When safety restrictions began in March 2020, the team immediately divided the campus differently, with one social worker in Independent Living and the other in the Health Center. To compound the team’s hurdles, Teresa began her employment at The Forest a mere month before precautionary measures fell into place. Having had only that short time to receive training under Joan, Manager of Social Work Services, Teresa was essentially asked to “sink or swim” as she continued her role without close guidance.
“Teresa [proved] herself worthy of that challenge,” Joan shares. “She did an amazing job of learning on the fly.”
Additionally, the third member of the social work team—Jessica Hackett, Resident Navigator—took on numerous tasks that were new to her. Through her efforts, internal moves at The Forest continued smoothly and successfully.
During the strange and uncharted reality of COVID-19, no Forest resident went without a social worker. The team remained available and ready to help and advocate for each person who needed assistance.
In the third week of December 2020, after nine months of separation, the social workers resumed the freedom to go back to their original alphabetical assignment of campus residents. Joan and Teresa will continue to minimize their time going back and forth between areas on campus, and Teresa will now enjoy the process of getting to know her residents in Independent Living.
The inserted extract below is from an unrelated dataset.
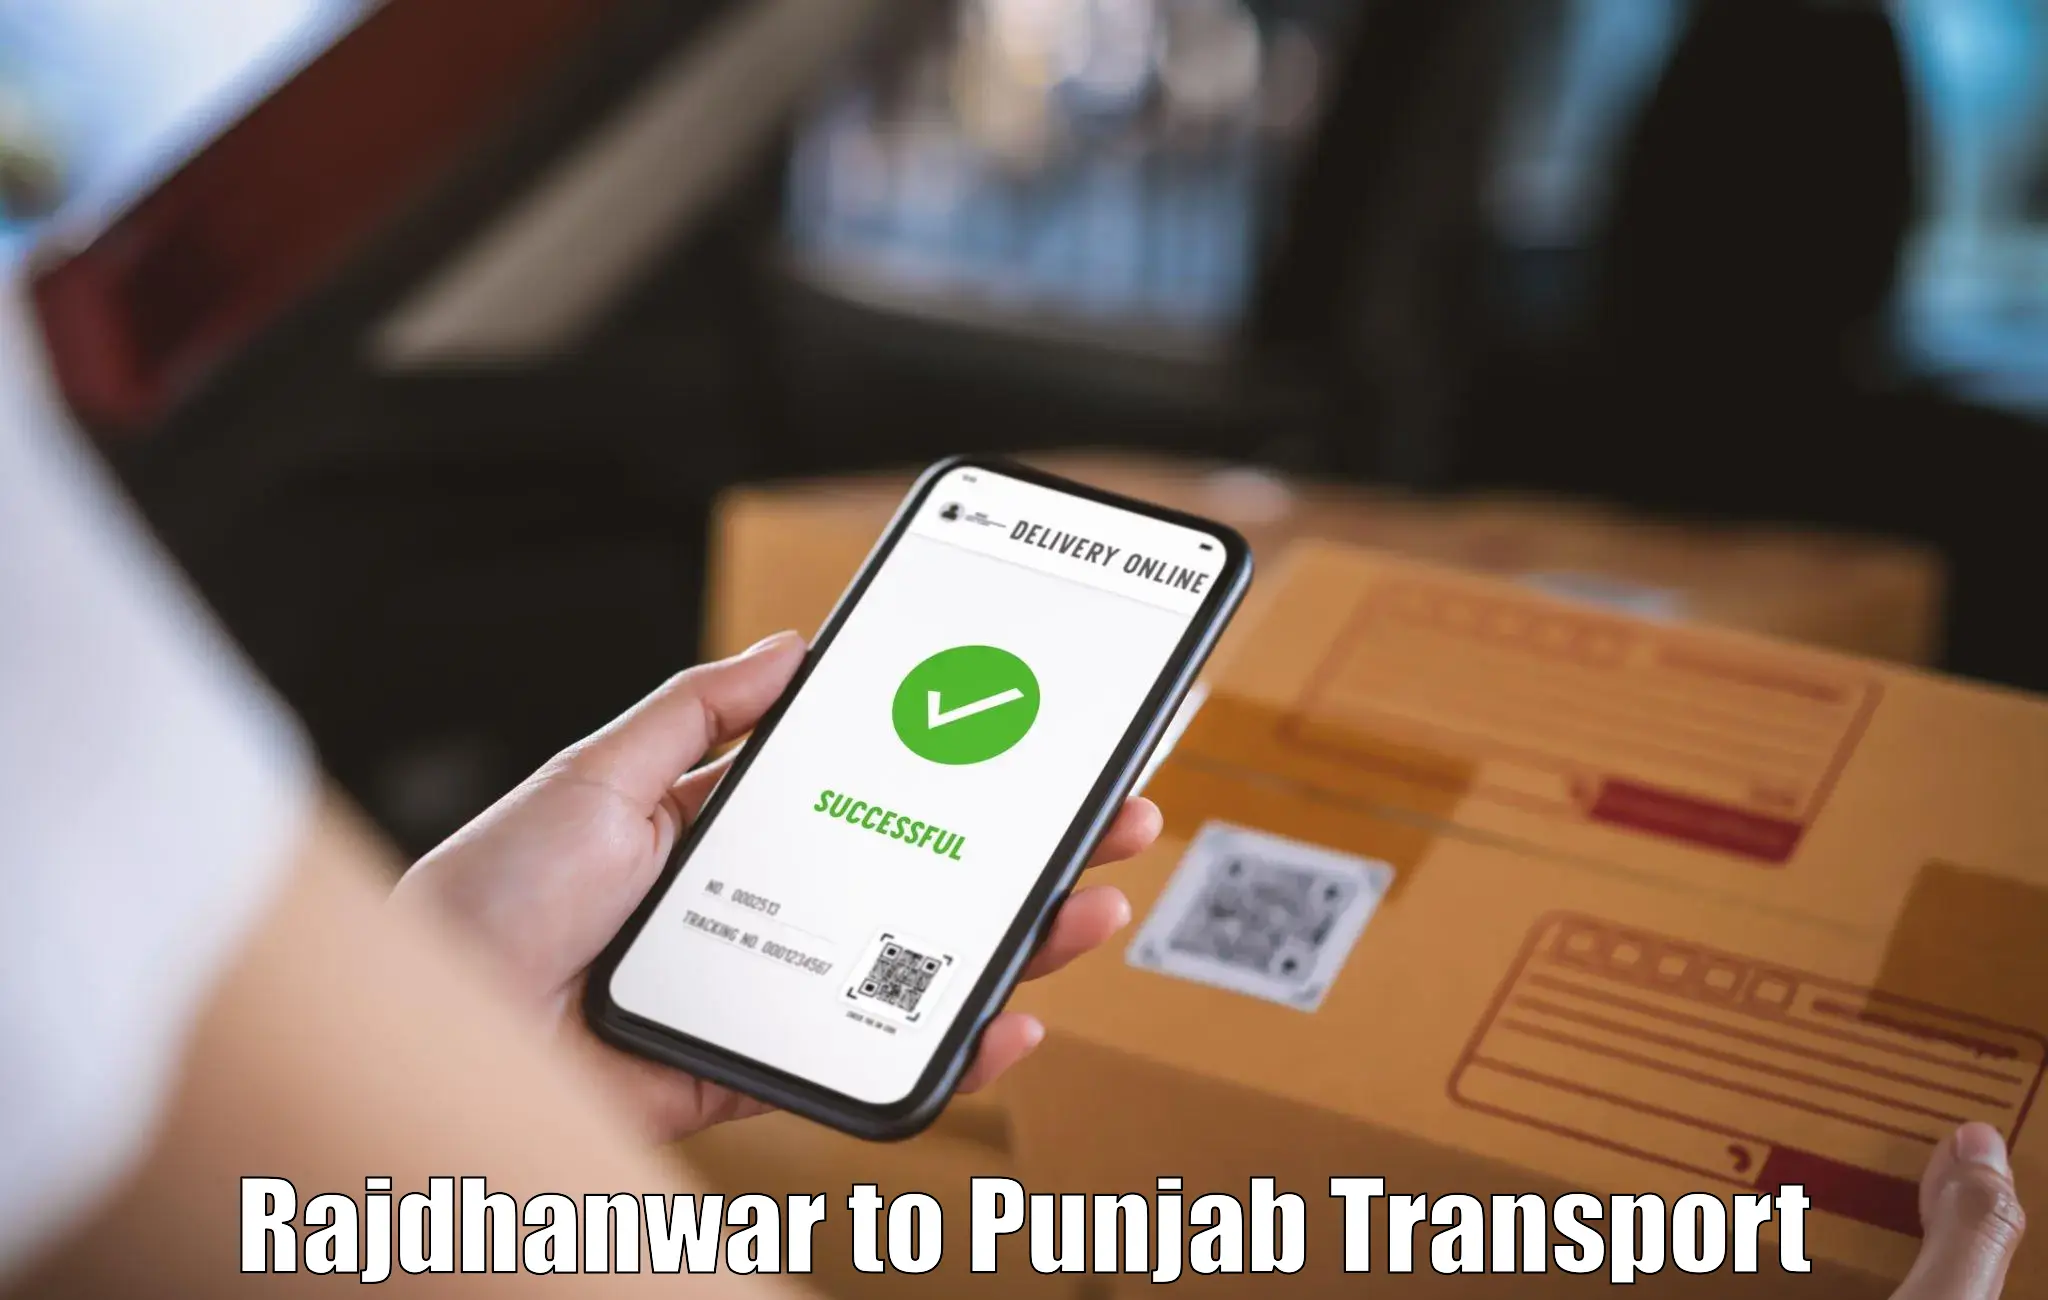 Bike shipping service Rajdhanwar to Punjab
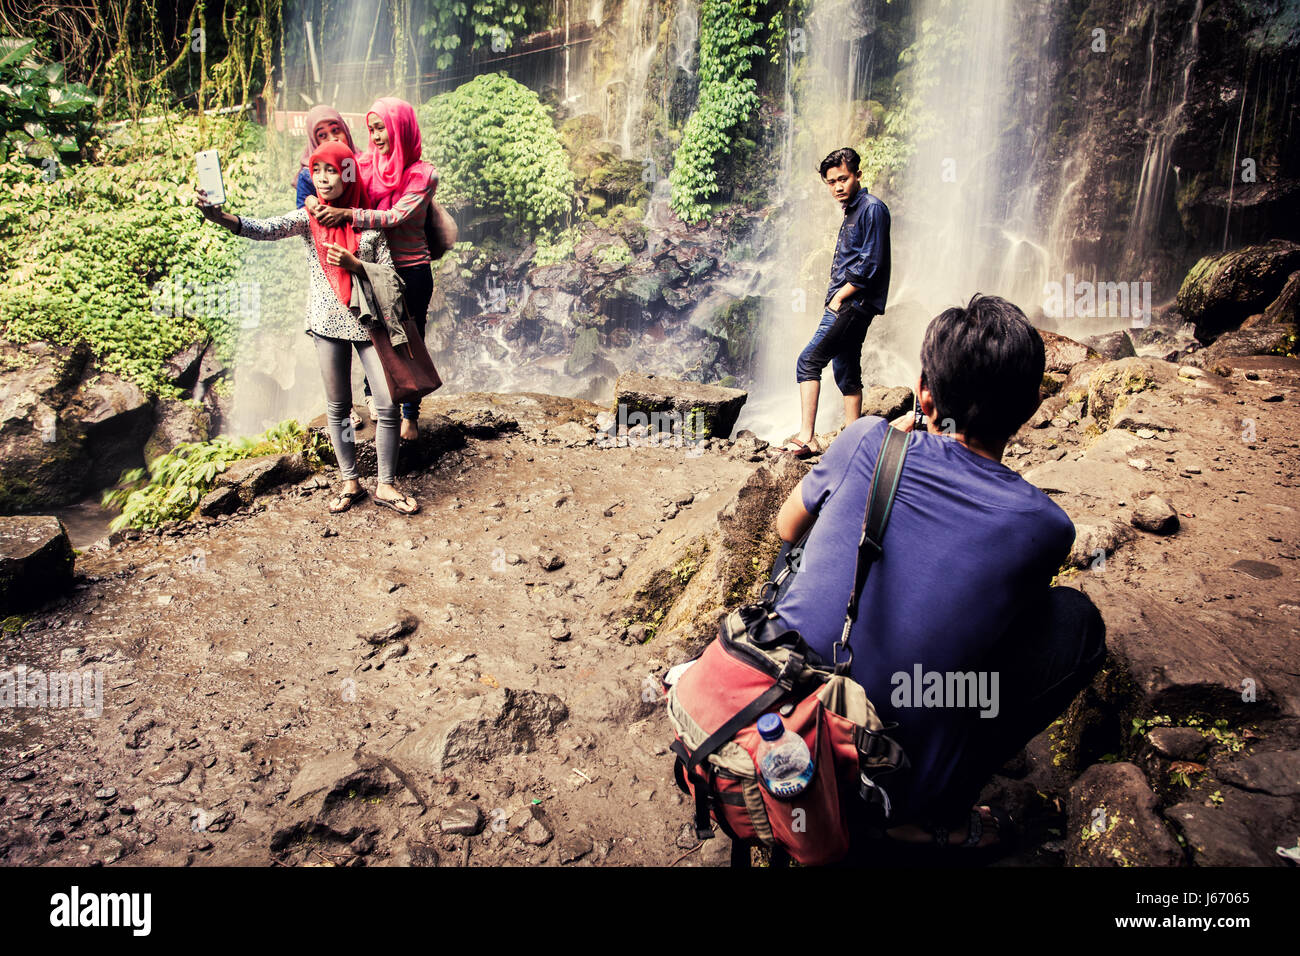 Kreative Bild, Indonesier, die Einnahme von Selfies am Jumog Wasserfall in Java, Indonesien. Atemberaubende Kulisse eines Wasserfalls aufgenommen mit Langzeitbelichtung Technik Stockfoto

Joan’s favorite aspect of the entire experience was learning how to move residents into and out of the Health Center by way of an “assembly line.” Under these circumstances, each member of her team was assigned a task; upon completion of said responsibility, they then guided each resident to the next team member.
“[This afforded] us the ability to [move residents] and their belongings from Independent Living to the Health Center without every stepping foot in the area we were restricted from,” Joan says. “We never know what the future might hold, so it’s nice to know that we are still able to meet all of the residents’ needs, regardless of where they live on campus.”
Moving forward in a pandemic
Now that 2020 is behind us and the vast expanse of 2021 lies before us with endless possibilities, there are still a lot of “what ifs” dwelling in our minds. Notably, as the state of North Carolina moves ahead with the rollout of COVID-19 vaccines, The Forest continually receives information from its regulatory agencies and pharmaceutical partners regarding the availability and timing of immunizations for all of our residents and team members.
As more concrete facts are known, Leadership will share that news with the Forest community as quickly as possible. Additionally, the Sales & Marketing team will ensure that the Coronavirus Information and Resources page on ForestDuke.org is regularly updated.
Since March of last year, in lieu of spending time with our loved ones in person, Foresters often saw them over FaceTime sessions and Zoom meetups. Sheltering in our homes became the norm. Enduring postponed events and gatherings was a necessary inconvenience. Wearing masks to protect one another grew to be our second nature.
Sharing these habits in common, we pushed through 2020 with a spirit of camaraderie, waiting in solidarity for good news to come. Now, with images and videos shared from the first round of vaccinations at UNC and Duke, we collectively feel a sense of hope for the new year.